Work required → The data below is to be transcribed word for word; pictures are to be excluded.

BEGIN Information supplied

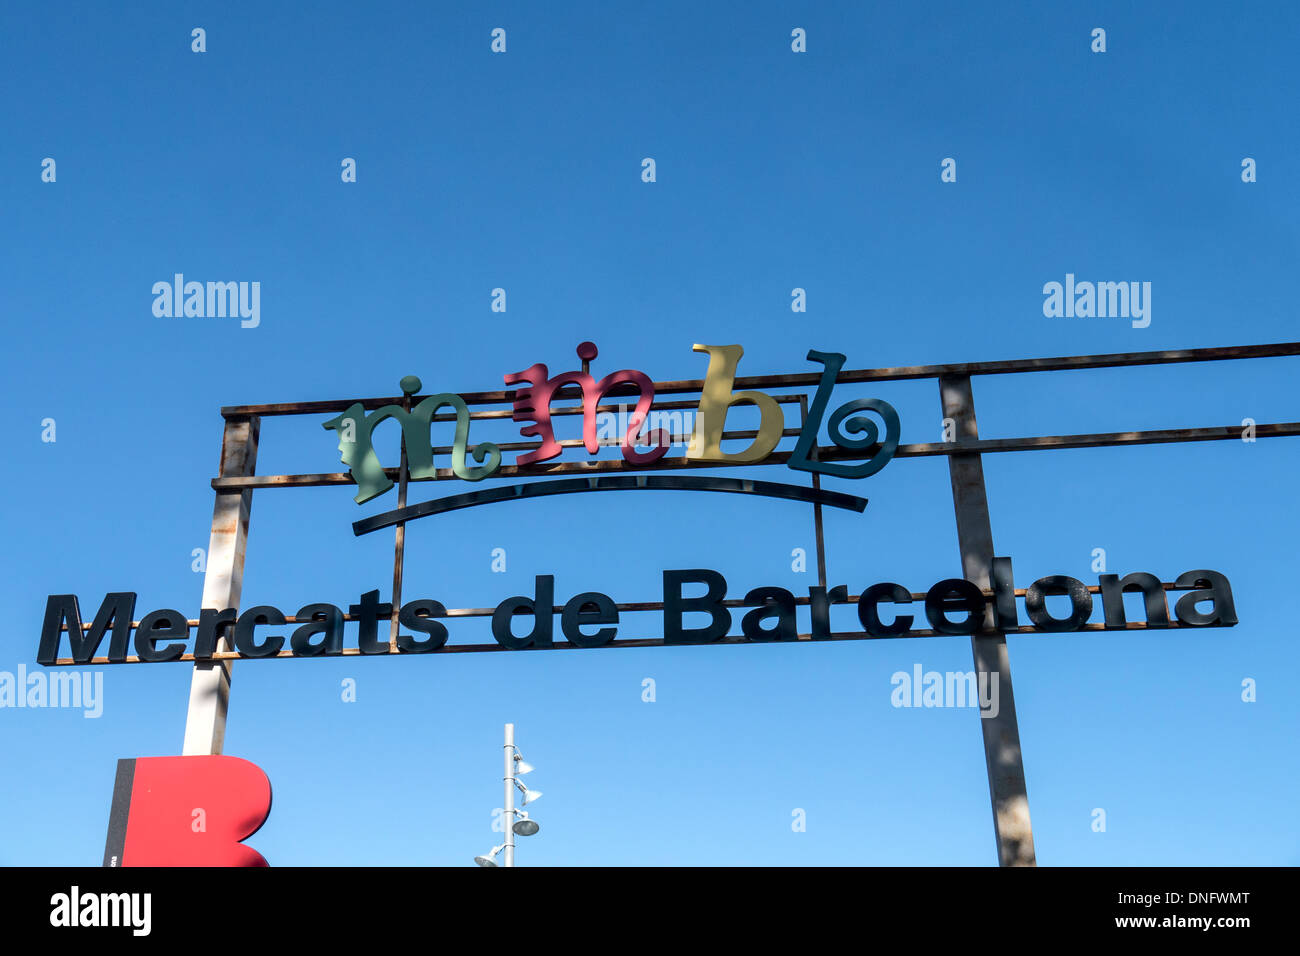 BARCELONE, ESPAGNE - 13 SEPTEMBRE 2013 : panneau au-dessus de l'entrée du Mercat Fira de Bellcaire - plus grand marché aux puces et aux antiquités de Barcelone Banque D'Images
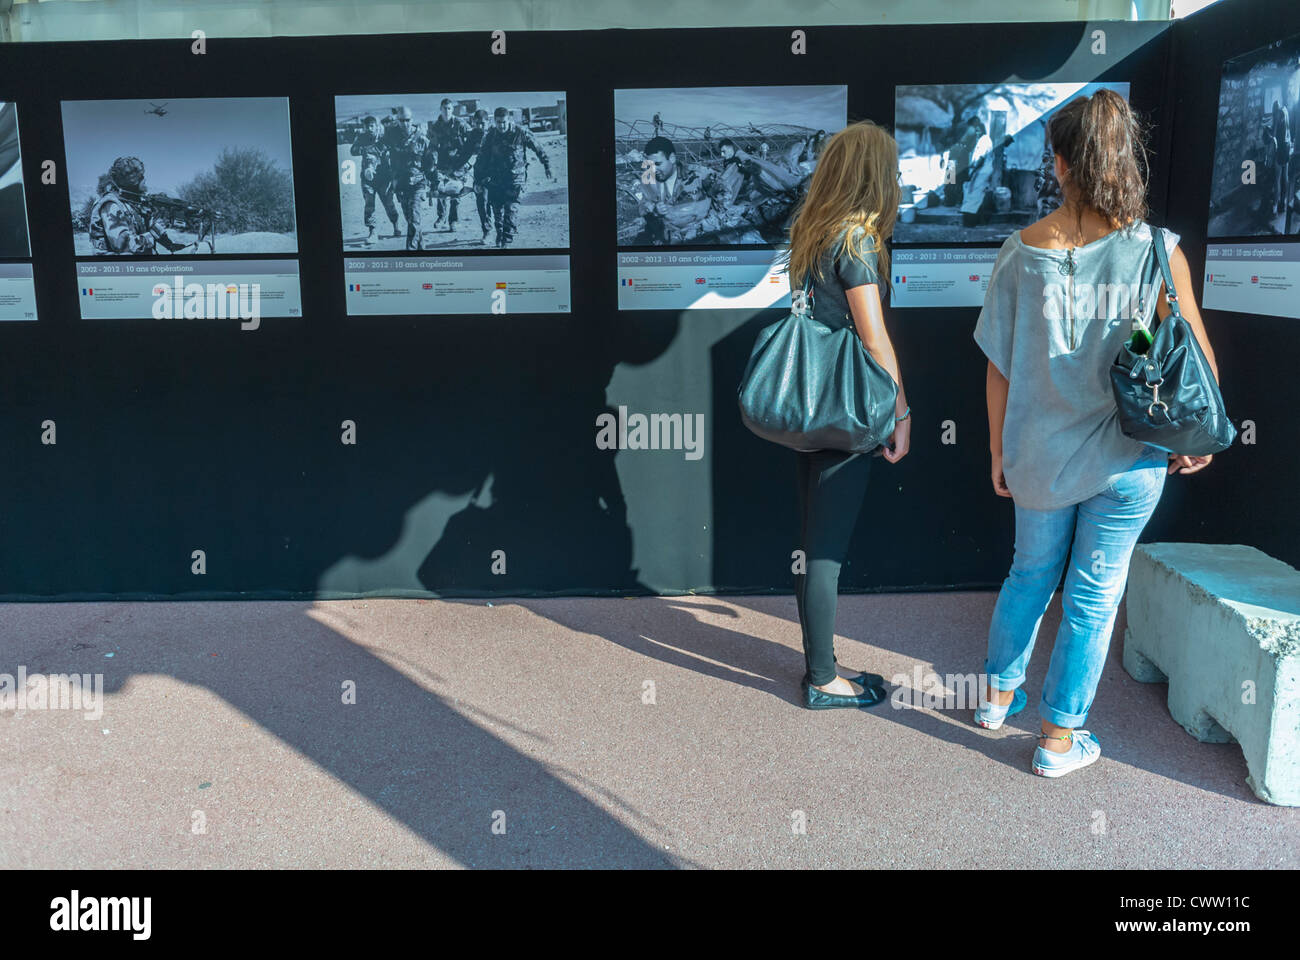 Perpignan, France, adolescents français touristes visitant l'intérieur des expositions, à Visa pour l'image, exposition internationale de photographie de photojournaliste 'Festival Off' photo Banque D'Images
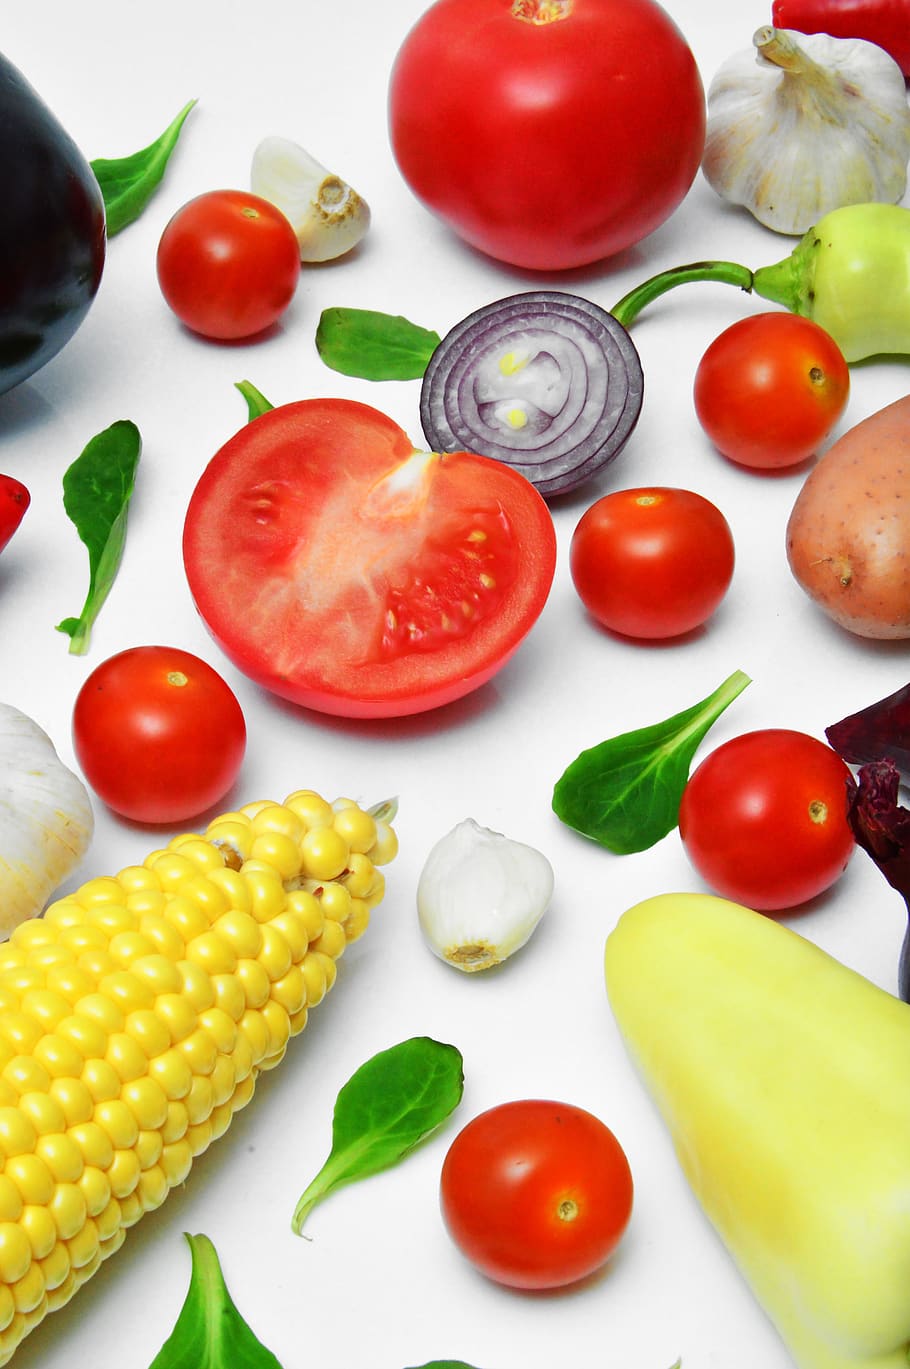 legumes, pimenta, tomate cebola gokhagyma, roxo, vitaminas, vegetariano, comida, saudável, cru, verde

END Information supplied

Result of the exercise →
 BARCELONE, ESPAGNE - 13 SEPTEMBRE 2013 : panneau au-dessus de l'entrée du Mercat Fira de Bellcaire - plus grand marché aux puces et aux antiquités de Barcelone Banque D'Images
 Perpignan, France, adolescents français touristes visitant l'intérieur des expositions, à Visa pour l'image, exposition internationale de photographie de photojournaliste 'Festival Off' photo Banque D'Images
 legumes, pimenta, tomate cebola gokhagyma, roxo, vitaminas, vegetariano, comida, saudável, cru, verde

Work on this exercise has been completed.